Comment

30.08.17

We must ensure every STP succeeds

Niall Dickson, chief executive of the NHS Confederation, considers what else must be done to ensure all sustainability and transformation plans across the country are supported and up to scratch.

The NHS cannot continue to provide current levels of service without further national and local intervention. Without concerted action, we will see further deterioration in standards.

First there is the perennial challenge of funding – recent research from Age UK has yet again underlined the immense forthcoming challenge of older people living with long-term conditions. There will be another million people over 65 by 2020, then another 1.3 million on top of that by 2025 and a further 1.7 million by 2030, with the over-85s set to double within 20 years. We now know that the Office for Budget Responsibility projects that meeting demand would see NHS spending in England rise in real terms by around 4.5% a year.
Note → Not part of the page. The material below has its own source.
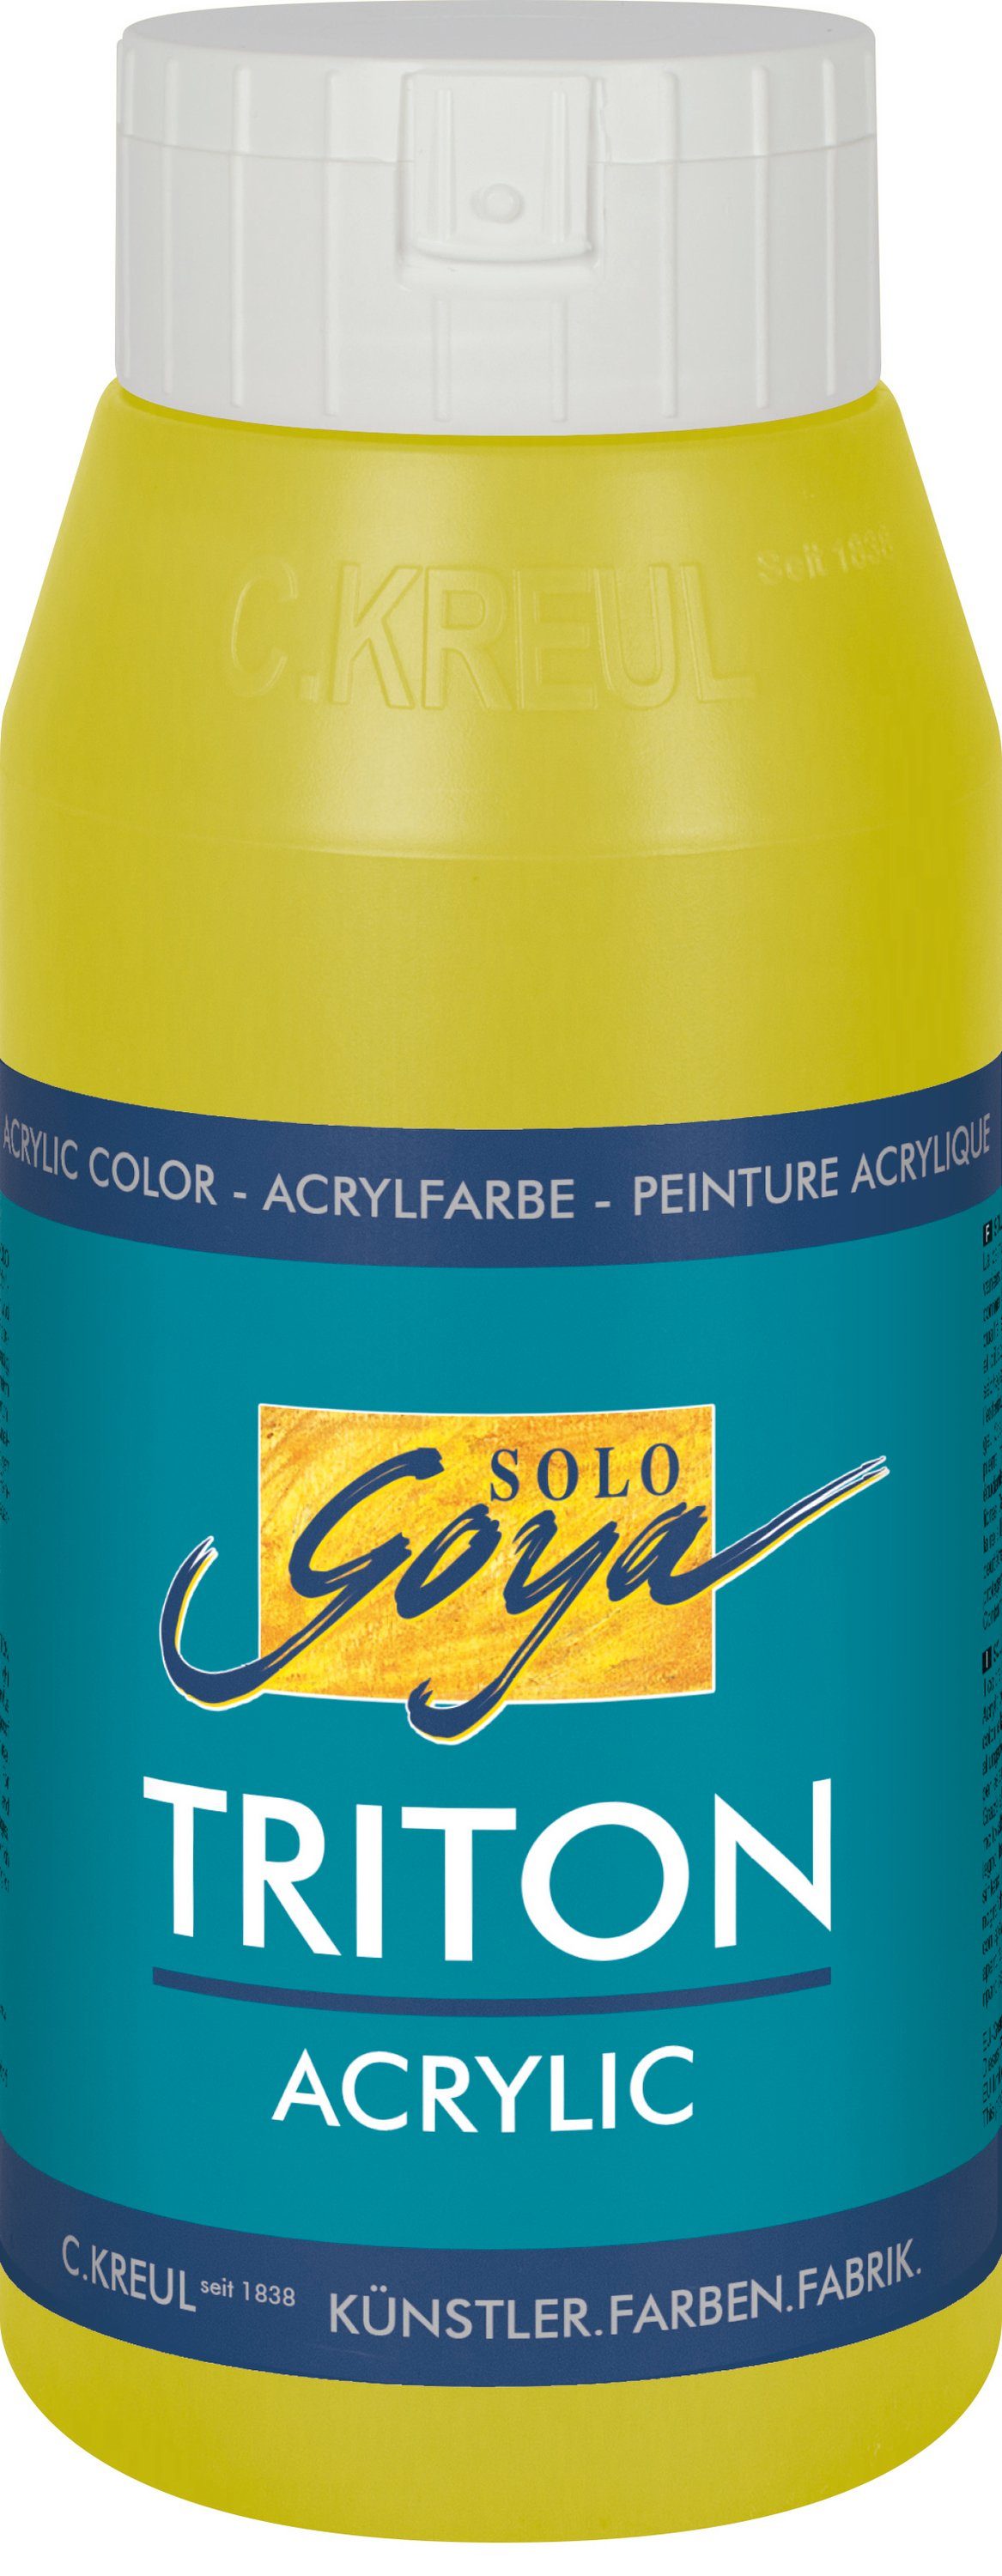 Kreul Acrylfarbe Solo Goya Triton Acrylic, 750 ml Olivgrün hell

Secondly though, alongside making the position sustainable, it needs to be transformed.

That is the underlying message of the NHS England’s Next Steps on the NHS Five Year Forward View document and, alongside most of our members, we remain committed to this vision in England.

The local sustainability and transformation partnerships (STPs) have proved challenging in many areas. In part, this is because they require leaders to set aside organisational interests in favour of the system as a whole, a challenge that is easier to describe than to deliver.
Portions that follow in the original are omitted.